▶ [PROMPT]:
Repeat the listing that follows character for character, omitting images.

[DATA EXCERPT — start]

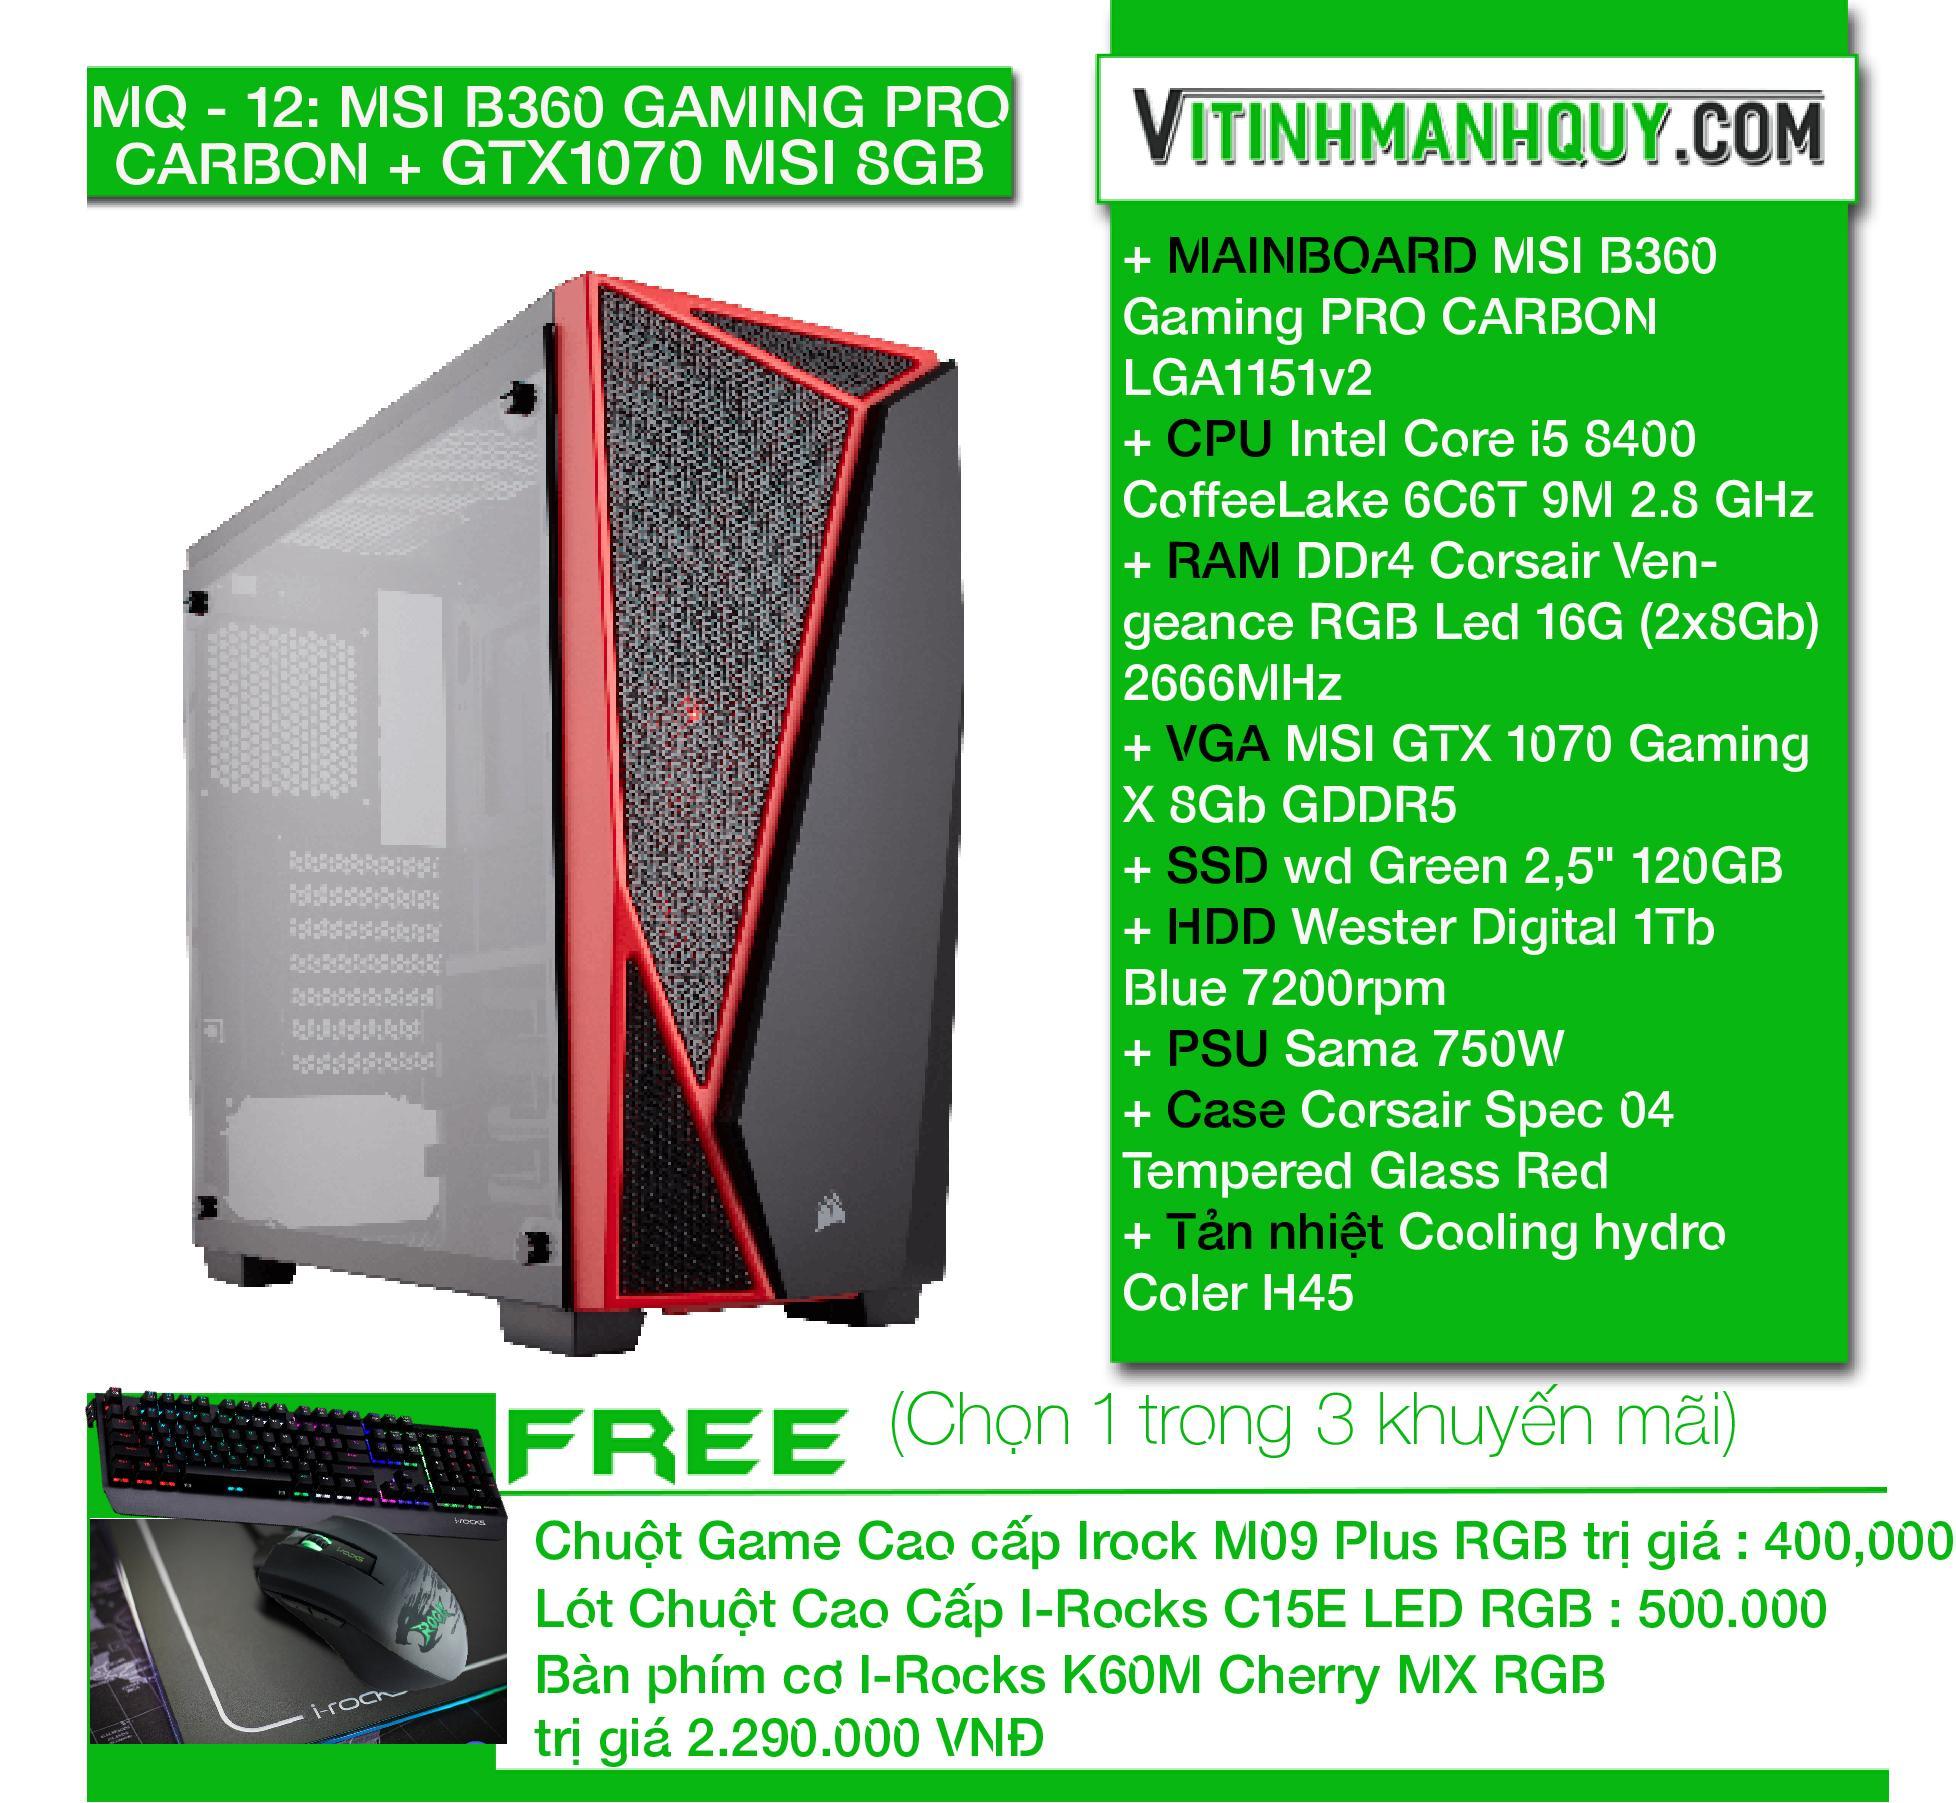 Hình ảnh MQ12MSI B360 GAMING PRO CARBON + GTX1070 MSI 8GB - may bo HIEND chuyen game - CaseCorsair Spec 04 Tempered Glass Red - Intel Core i5 8400 CoffeeLake 6C6T 9M 2.8 GHz - DDr4 Corsair Vengeance RGB Led 16G (2x8Gb) 2666MHz
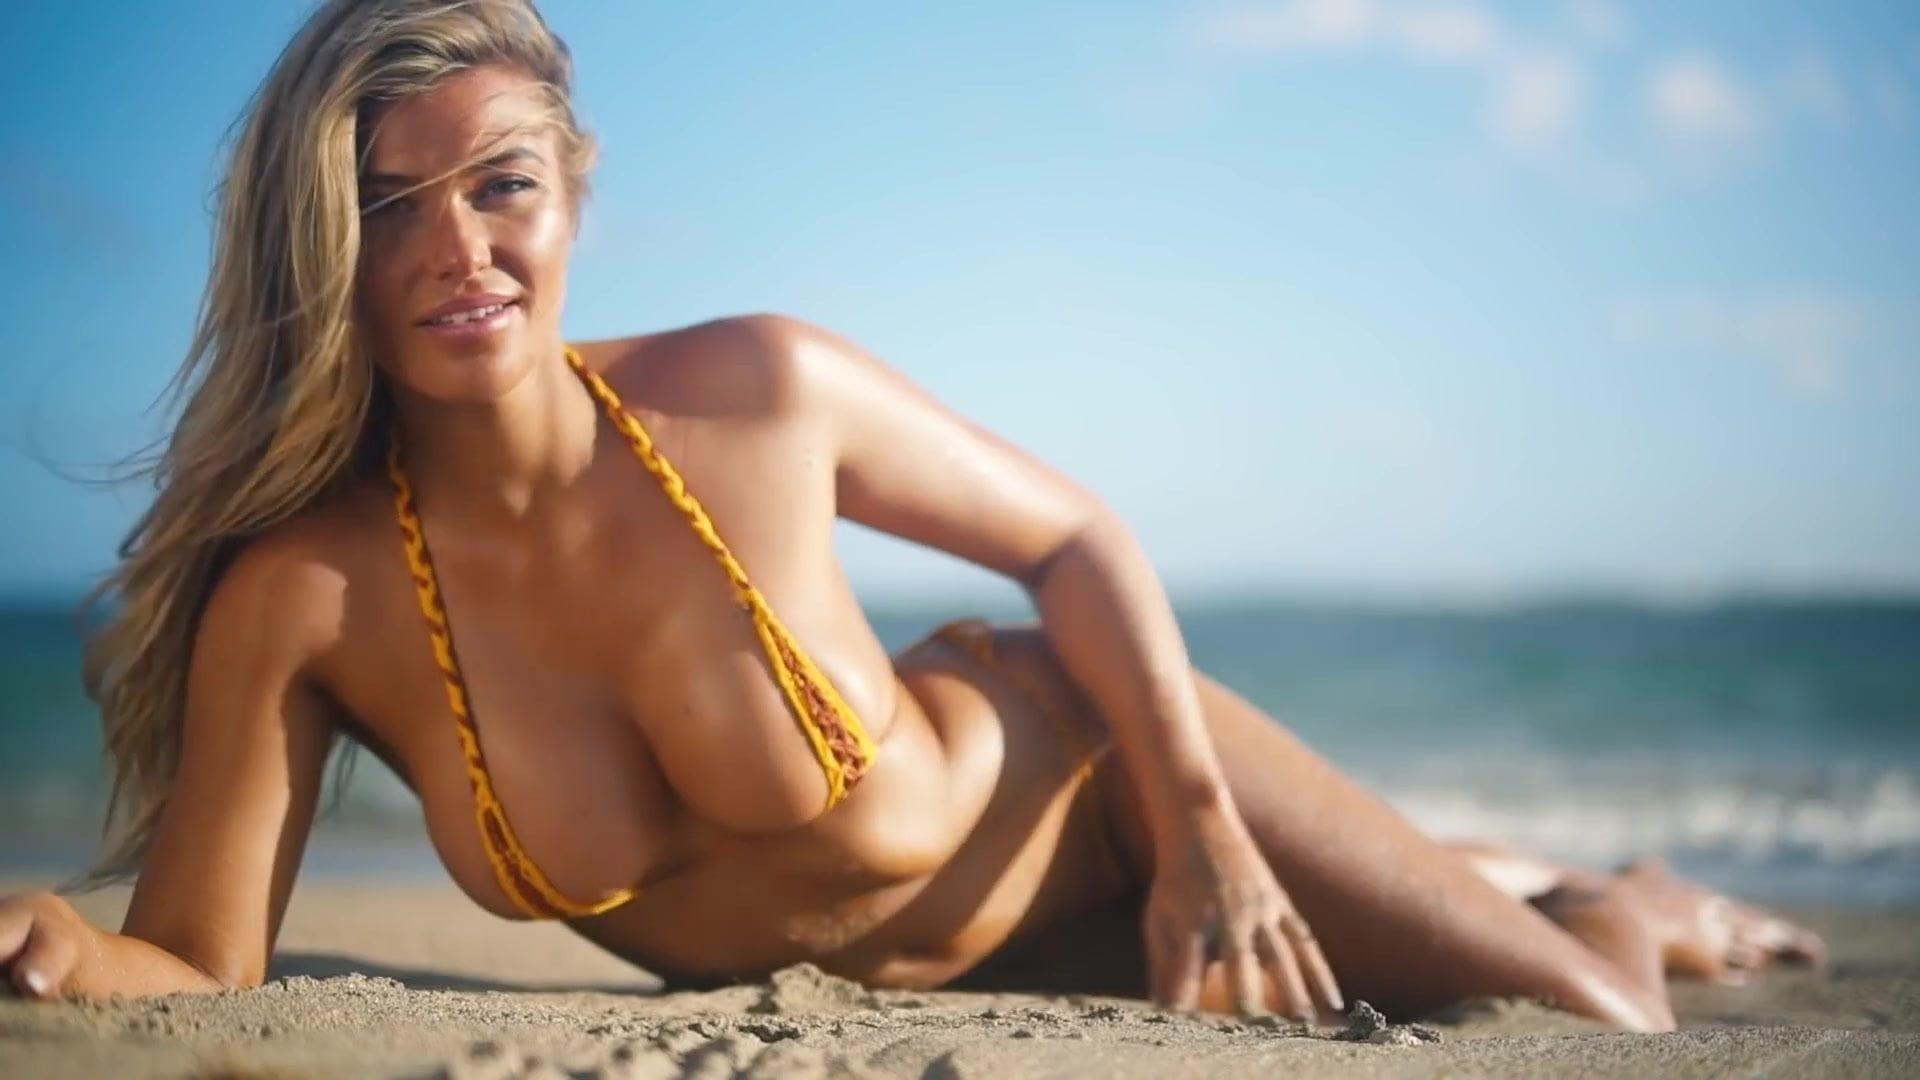 Samantha Hoopes in bkini
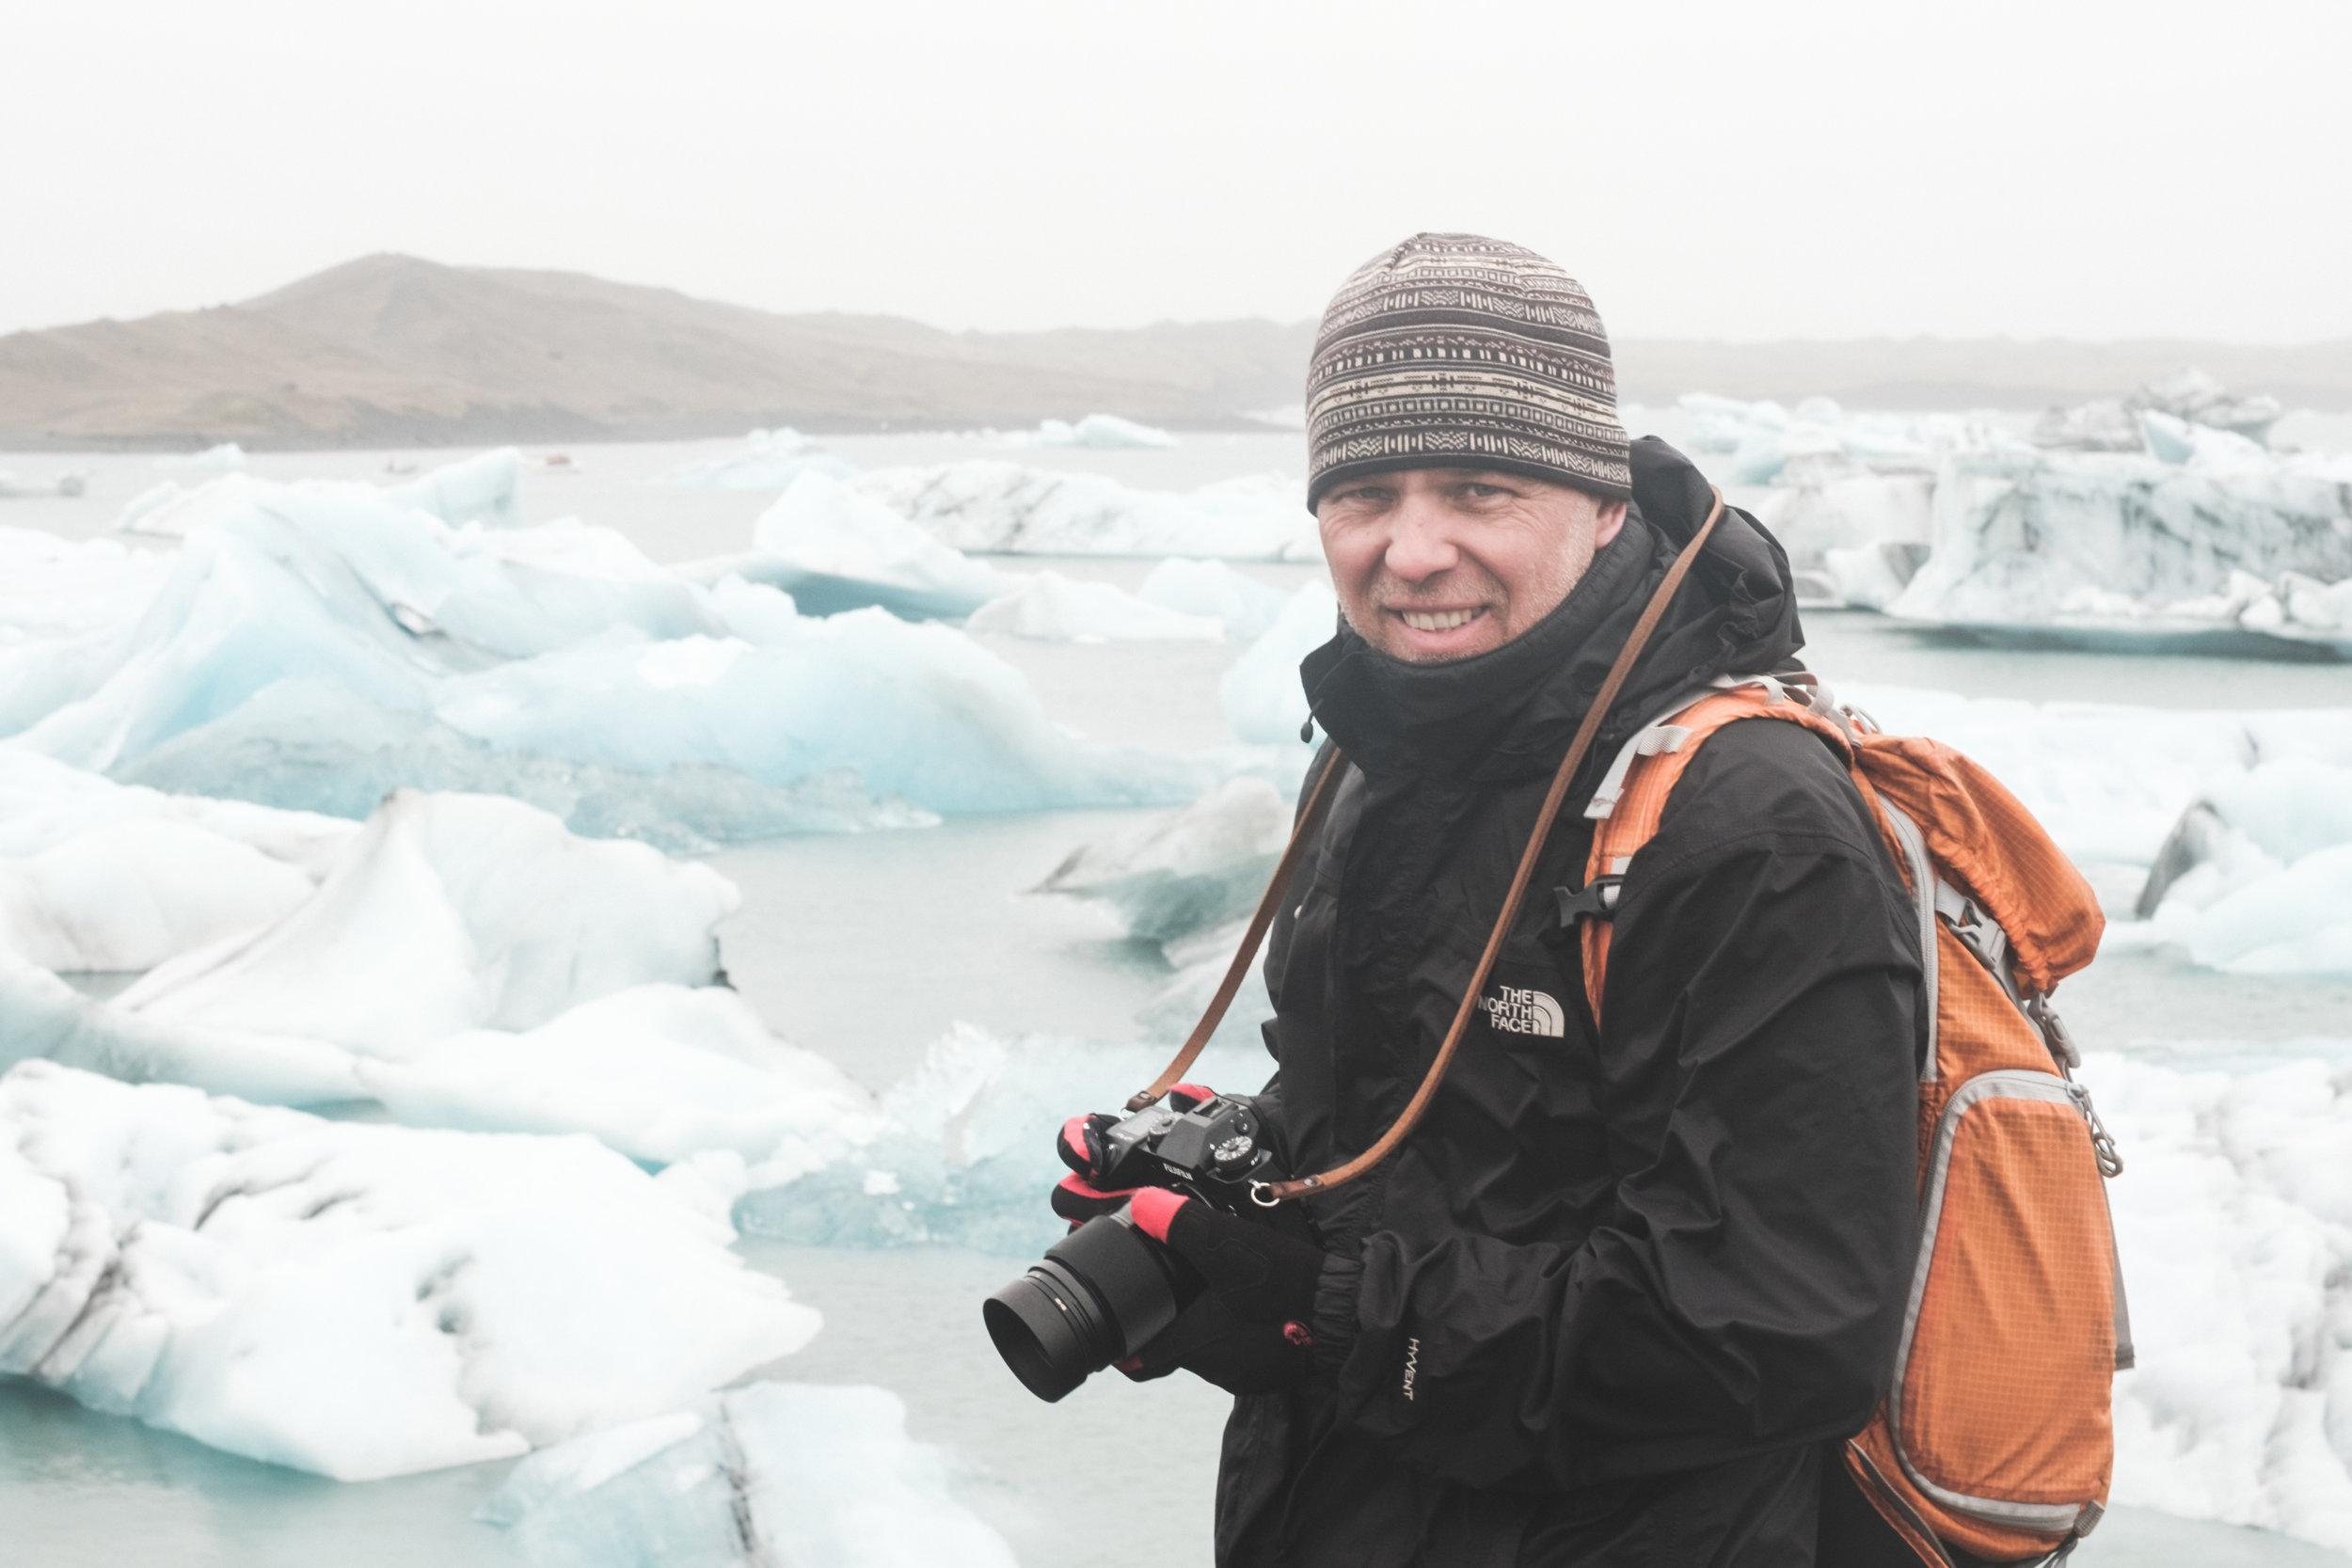 Morten - … at Jökulsárlón Glacier Lagoon in Iceland

[DATA EXCERPT — finish]

▶ [ANSWER TO THE PROBLEM]:
 Hình ảnh MQ12MSI B360 GAMING PRO CARBON + GTX1070 MSI 8GB - may bo HIEND chuyen game - CaseCorsair Spec 04 Tempered Glass Red - Intel Core i5 8400 CoffeeLake 6C6T 9M 2.8 GHz - DDr4 Corsair Vengeance RGB Led 16G (2x8Gb) 2666MHz
 Samantha Hoopes in bkini
 Morten - … at Jökulsárlón Glacier Lagoon in Iceland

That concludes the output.